Perhaps the most conservative approach for federal prosecutors to take would be an indictment in the alternative under both main prongs of 42 USC §245(b) – the “federally protected activities” prong that does not require proof of racial animus, and the prong that explicitly requires racial motivation and deprivation of state amenities. As to the latter, Trayvon, like Yankel Rosenbaum, used public streets to commute to the 7-11, and Florida has its own “fair housing” civil rights law. After hearing all the evidence and arguments, the jury could be given carefully drawn jury instructions reflecting both theories of the case.

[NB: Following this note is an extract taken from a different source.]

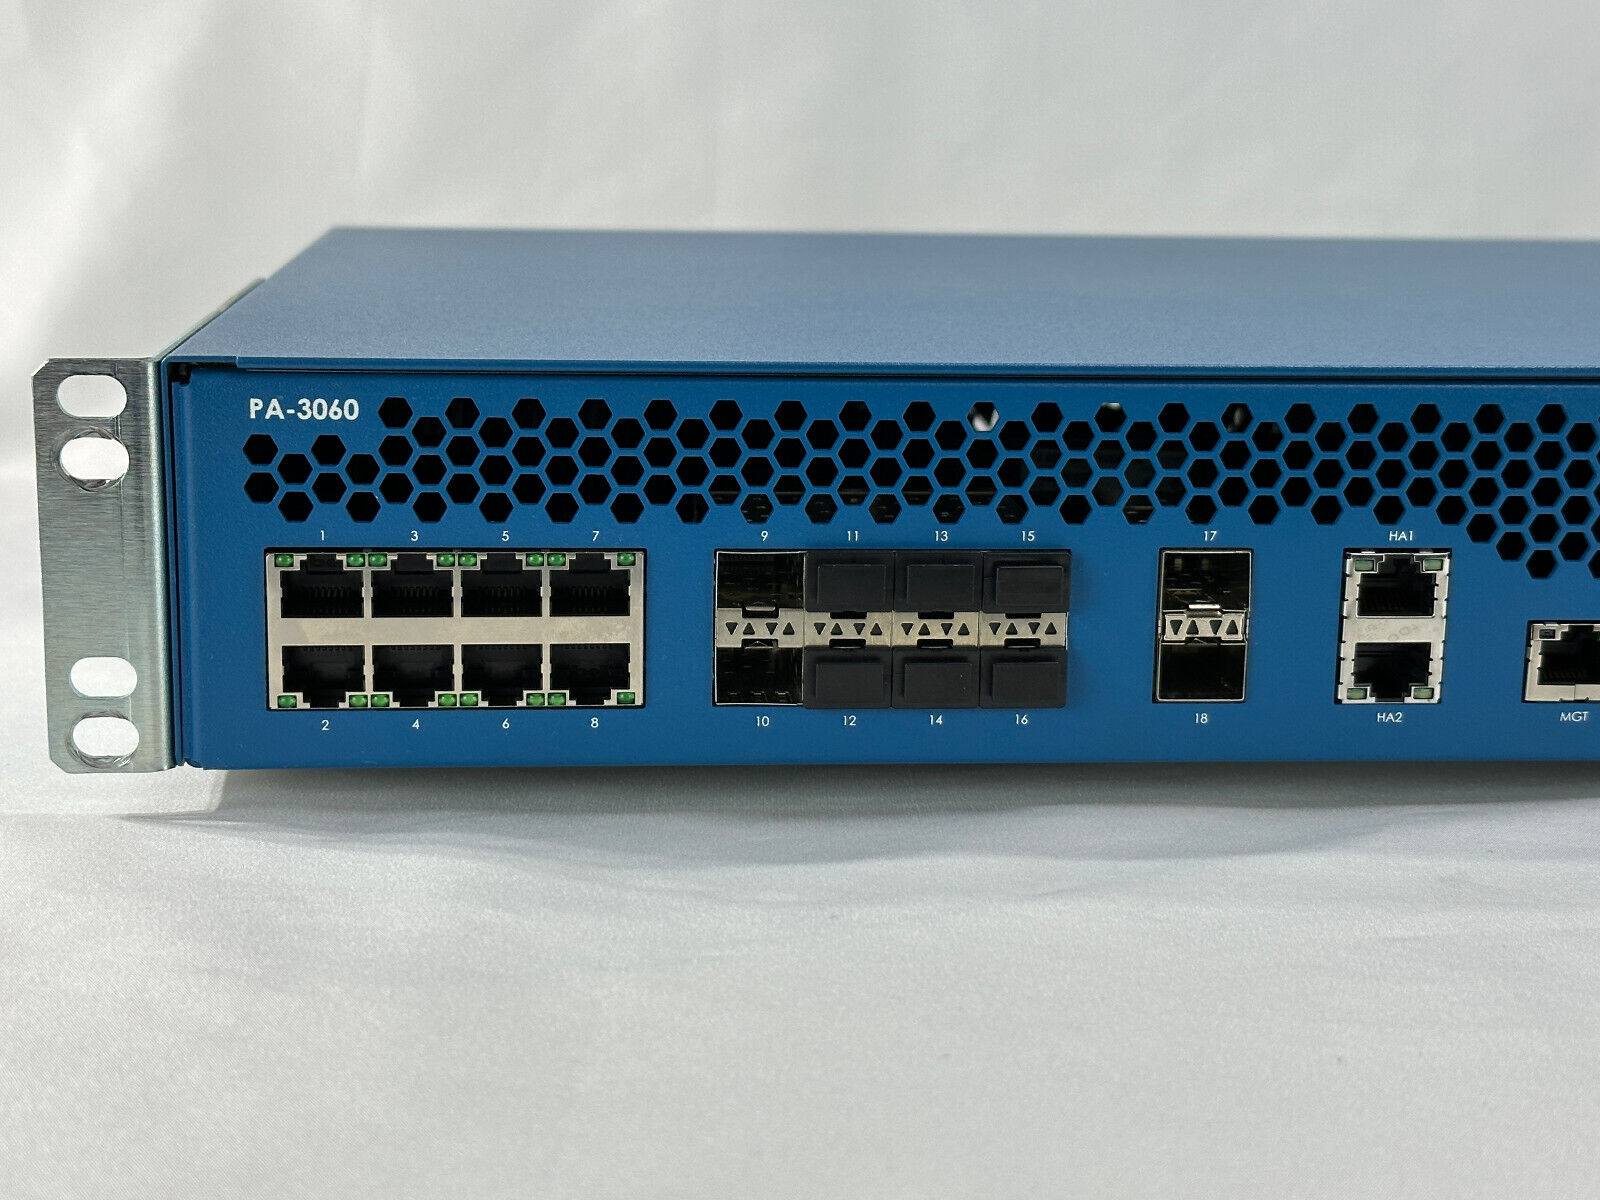 Palo Alto PA-3060 DPS-500WB-2 B High-Speed Internet Gateway Router Firewall VPN 1/10GbE 2x PSU.

Fortunately, the George Zimmermans of the world do not get to make their own so-called “neighborhood watch” rules (ones that give the entire concept a bad name), nor can they be allowed to abrogate other people’s civil rights with impunity. Most especially, other peoples’ right to exercise their civil rights and maintain their lives.
In a federal criminal prosecution Mr. Zimmerman would still be able to assert that he killed Martin in self-defense. However, under federal law (as under Florida law even today) Zimmerman’s self-defense argument would fail if a jury determined that Zimmerman’s stalking of Martin started the confrontation. (Florida prosecutors failed to vehemently protest Judge Nelson’s decision not to give that jury instruction.) And, as to that and a myriad of other issues in the state criminal case, it is unimaginable that seasoned federal criminal prosecutors would permit Mr. Zimmerman’s “dream team” defense attorneys to run circles around them the way Zimmerman’s counsel did Florida’s bumbling prosecutors. (Among the state prosecutors’ monumental errors was to introduce materials in which Zimmerman told his version of events without having to endure any cross-examination.)

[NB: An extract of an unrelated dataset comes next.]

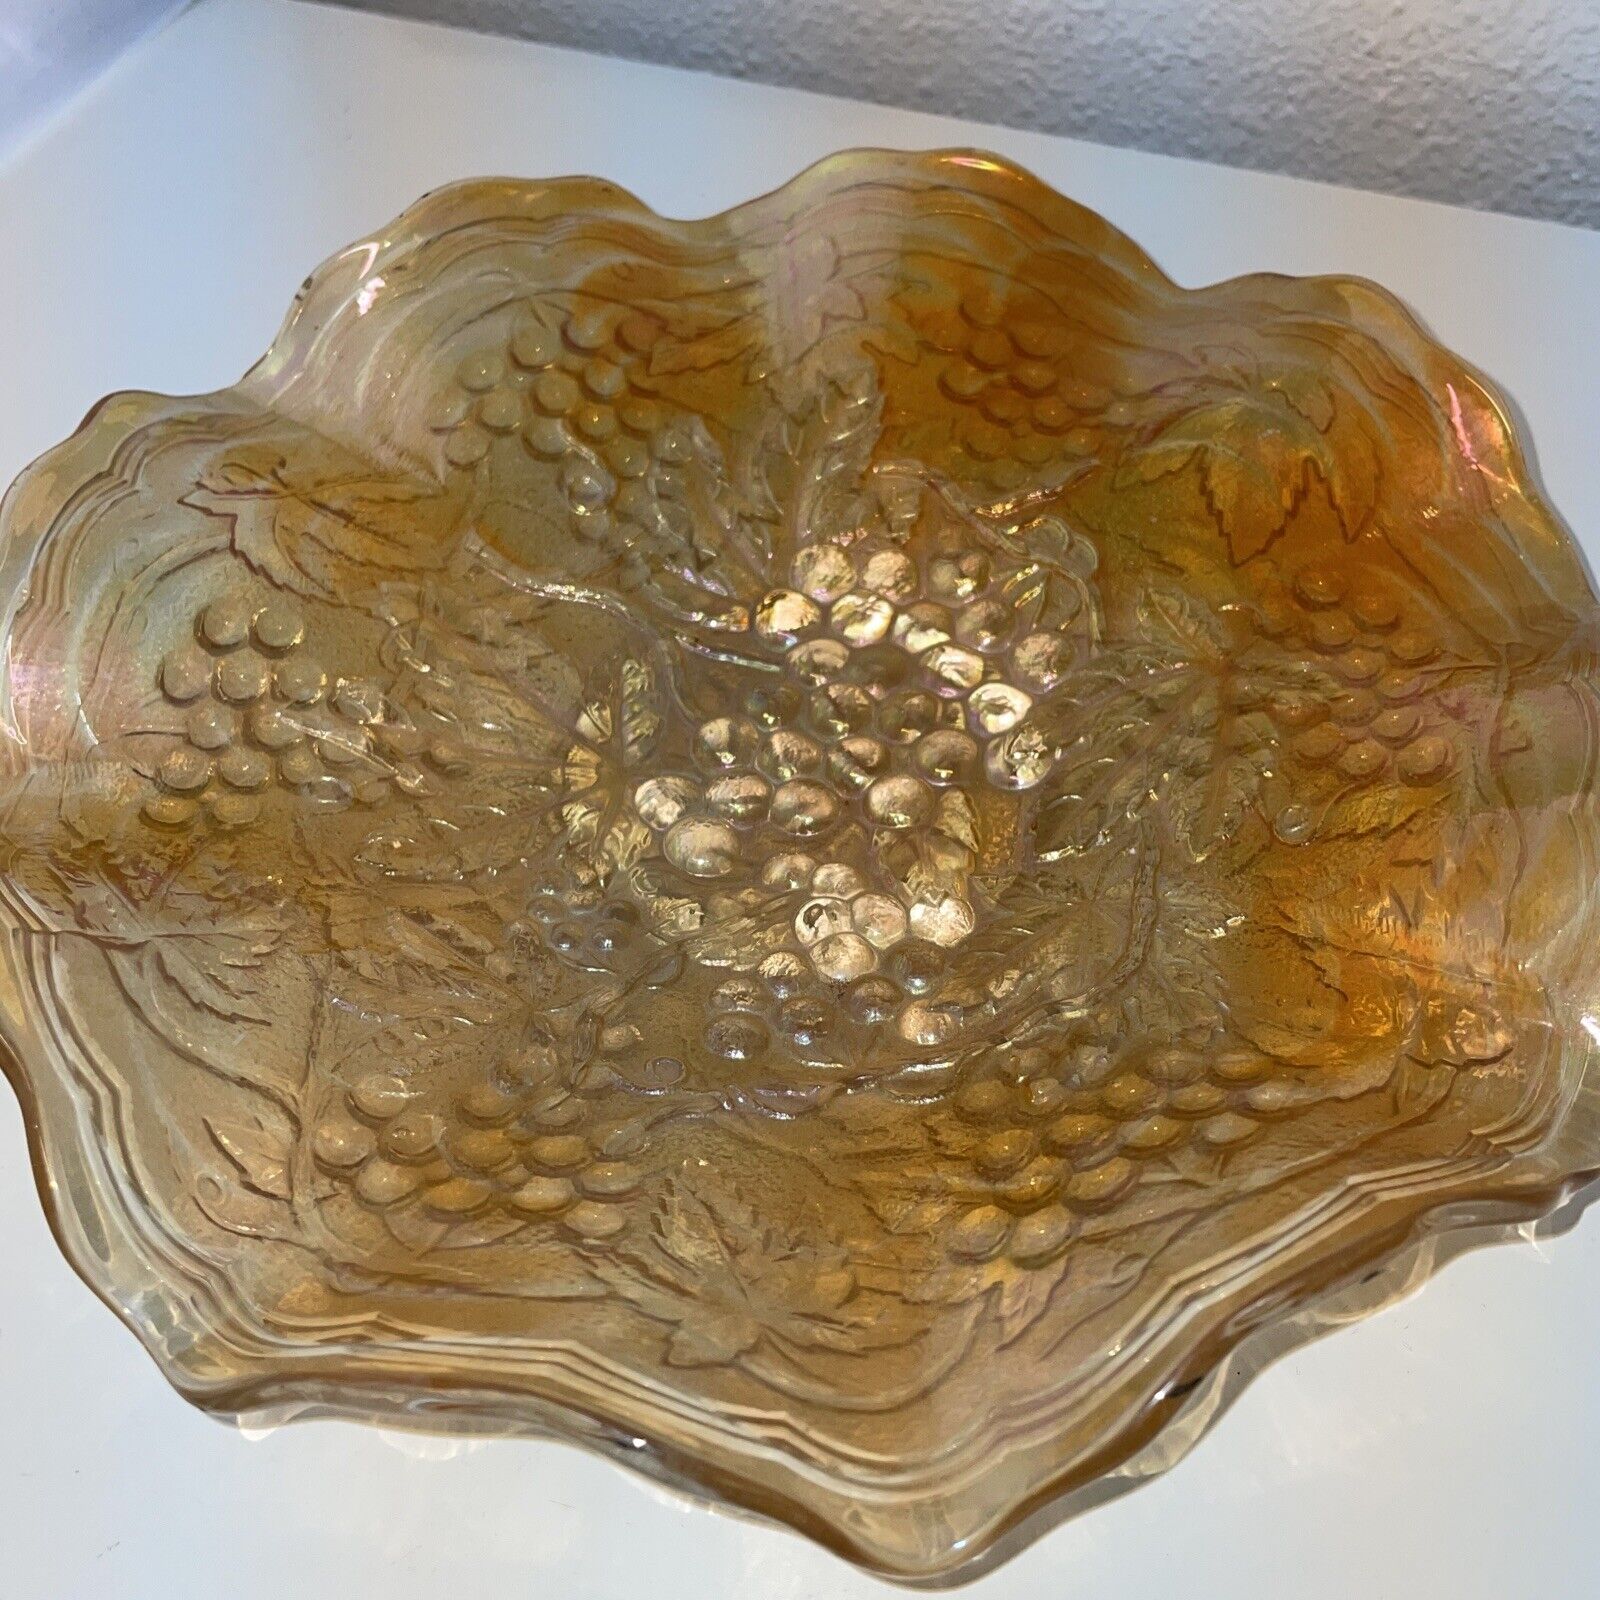 Carnival Glass decorative grapes design bowl 81/2”

For President Obama and Attorney General Holder this is a (if not the) “defining moment” of their tenures in the nation’s highest offices: The president’s thoughtful statement of July 19th and the constructive (but too-limited) initiatives he alluded to, must not be a sop the African-American community and all concerned citizens receive INSTEAD of justice for Trayvon Martin and his parents.

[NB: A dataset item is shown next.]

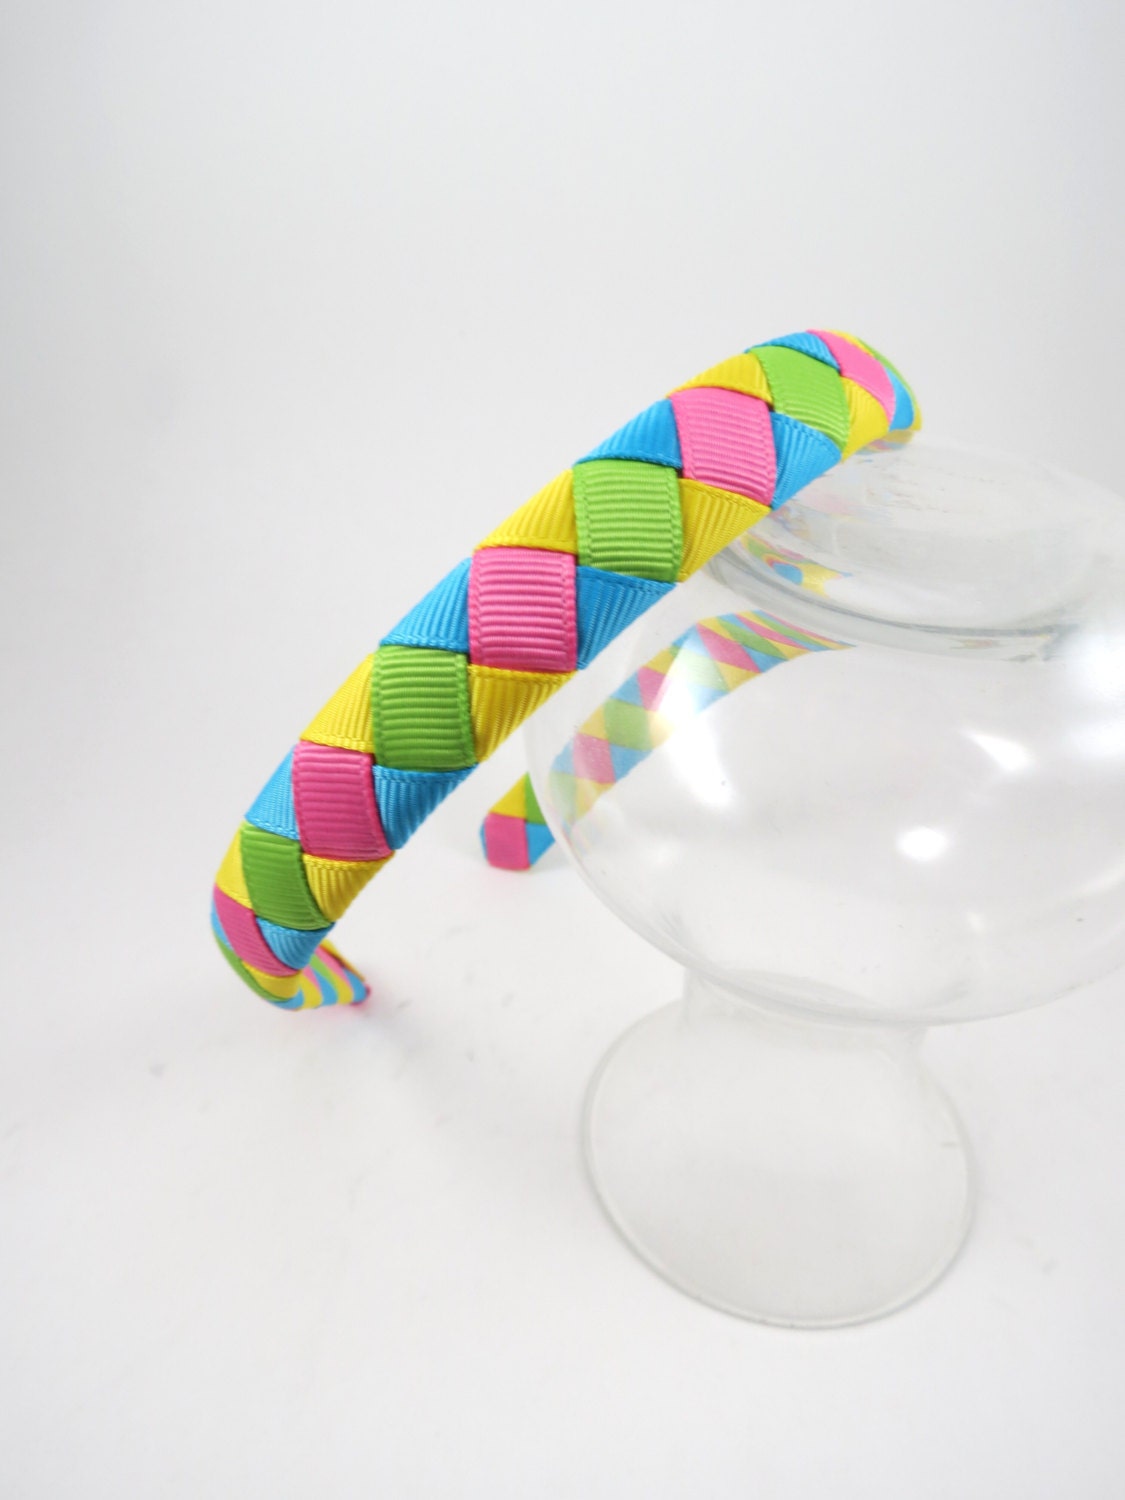 Ribbon Woven Headband Hot Pink Headband Turquoise Headband | Etsy

To prosecute under either or both prongs of 18 USC § 245(b), Attorney General Holder or another senior U.S. Justice Department official has to certify that “in his judgment a prosecution by the United States is in the public interest and necessary to secure substantial justice.”
Few propositions regarding matters of state have ever been more self-evident.
Eric C. Jacobson is a public interest lawyer living in Los Angeles.